Драко открыл рот. Закрыл. Открыл снова. Слова застряли в горле — колючие, острые, они царапали изнутри, не давая дышать. Потому что ответа не было. Потому что правильного ответа не существует. Потому что вопрос этот — как нож, повёрнутый в давней, незаживающей ране. Он стоял, вцепившись в стол, и молчал, и тишина была громче любых слов.

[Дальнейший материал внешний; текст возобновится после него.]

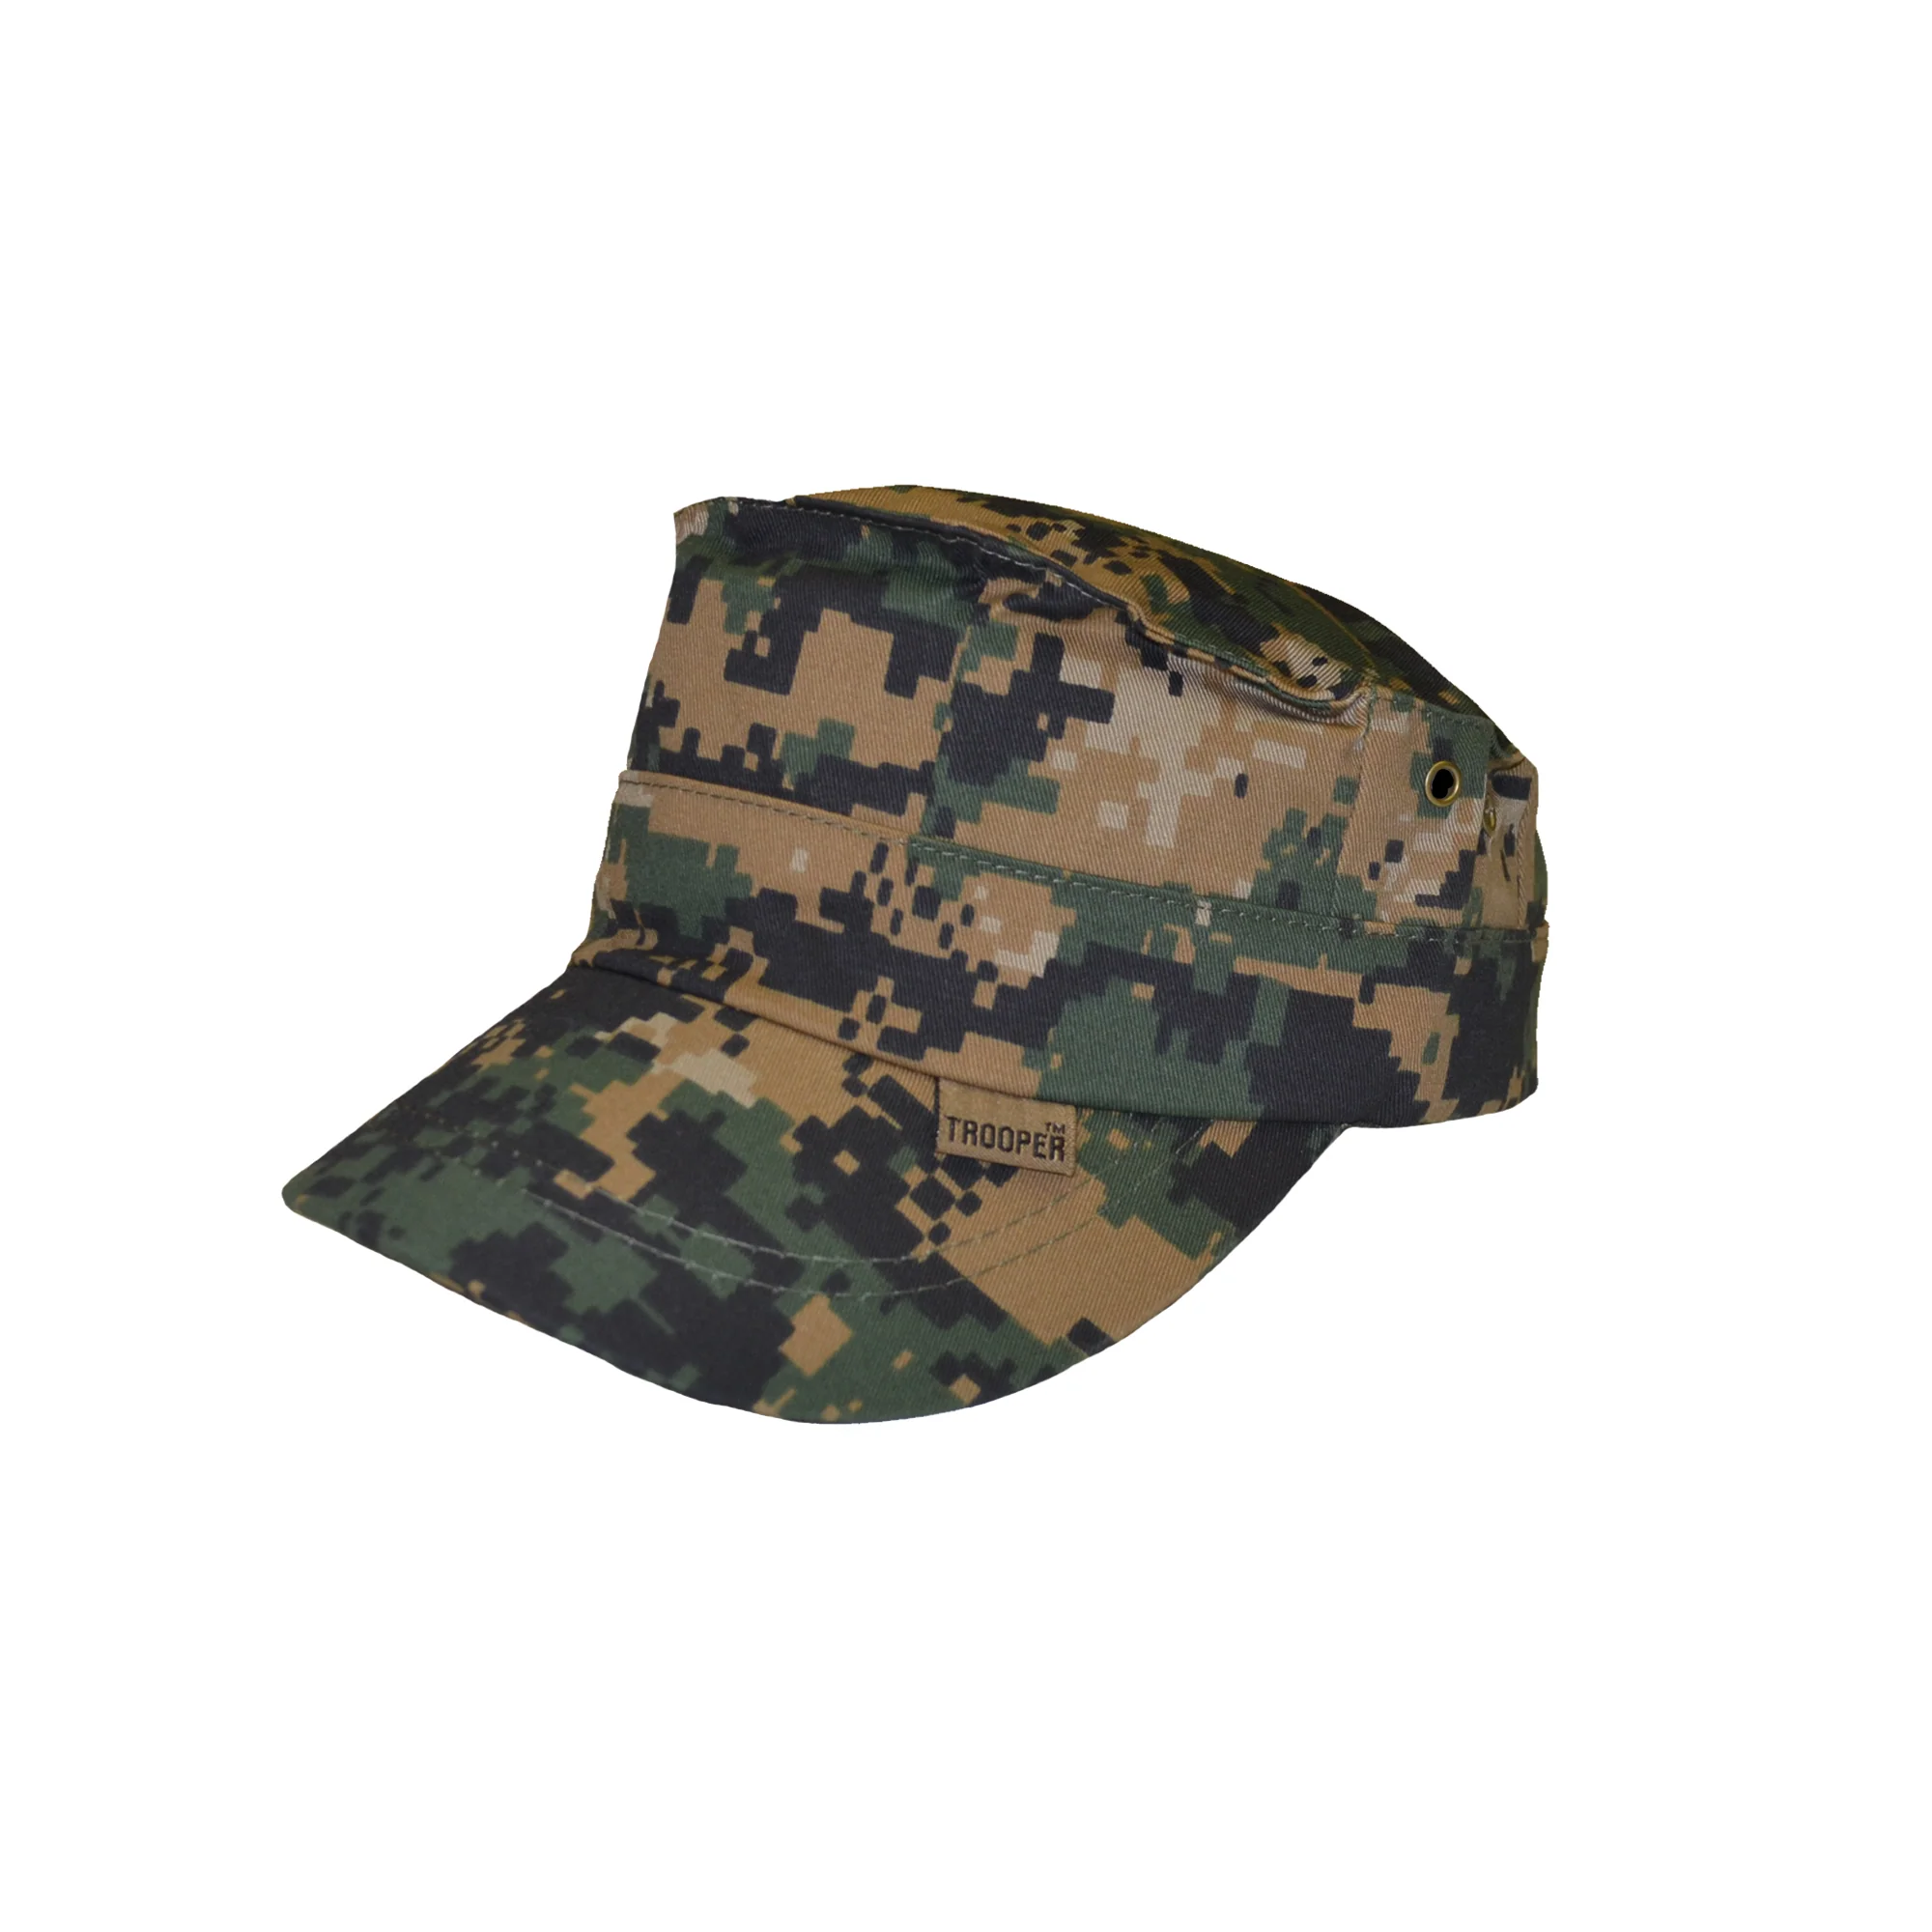 USMC Youth Trooper MARPAT 8 Point Cover Woodland Camo

В коридоре послышался шум. Тонкий, едва уловимый — шорох босых ног по холодному камню, скрип половицы, которую никто не чинил уже лет пятьдесят. Снейп услышал первым — у него был слух зверя, привыкшего к опасности, слух человека, который выжил потому, что слышал шаги смерти раньше, чем она появлялась на пороге. Драко — секундой позже. Он поднял голову, и в его покрасневших глазах мелькнул животный, первобытный ужас — не перед Снейпом, перед тем, кто мог войти. Дверь открылась.
— Папа?
Оливия стояла на пороге, придерживая рукой дверной косяк, словно боялась упасть. Ночная рубашка — старая, потёртая до дыр на локтях, гриффиндорского цвета, подарок Джинни, которую она всё равно считала тётей — сползла с плеча, обнажая ключицу и тонкую серебряную цепочку с кулоном-бабочкой, которую она никогда не снимала. Босая. Пальцы ног выкрашены в синий — вчера они с Панси дурачились в комнате, пили вино и красили ногти, и Оливия настояла на этом цвете «потому что он как глаза Гарри». Волосы — чёрные, густые, спутанные — падали на лицо густыми прядями; одна прилипла к губе, и она отбросила её коротким, привычным движением, даже не глядя. Глаза — огромные, карие, в них ещё плещется сон — липкий, тяжёлый, тот, который не отпускает, когда просыпаешься от резкого звука. И в них же — страх. Сонный, неосознанный, животный. Тот страх, который просыпается глубоко в мозжечке, когда всё вокруг кричит: опасность. Что-то было решительно не так — она чувствовала это кожей, ноздрями, каждой клеткой своего тела. В воздухе витал запах пота, страха и старой, застарелой вины — запах, который невозможно спутать ни с чем.
— Что здесь происходит? — спросила она тихо. Но в этой мёртвой тишине, нарушаемой только потрескиванием свечи и далёким криком совы, её голос прозвучал громче любого крика. Он ударил по ушам, как удар колокола, заметался по стенам, заставил тени замереть на месте.
Снейп опустил палочку. Медленно. Очень медленно — как человек, который опускает оружие перед лицом собственной совести. Его рука чуть дрожала — впервые за весь этот долгий, страшный вечер.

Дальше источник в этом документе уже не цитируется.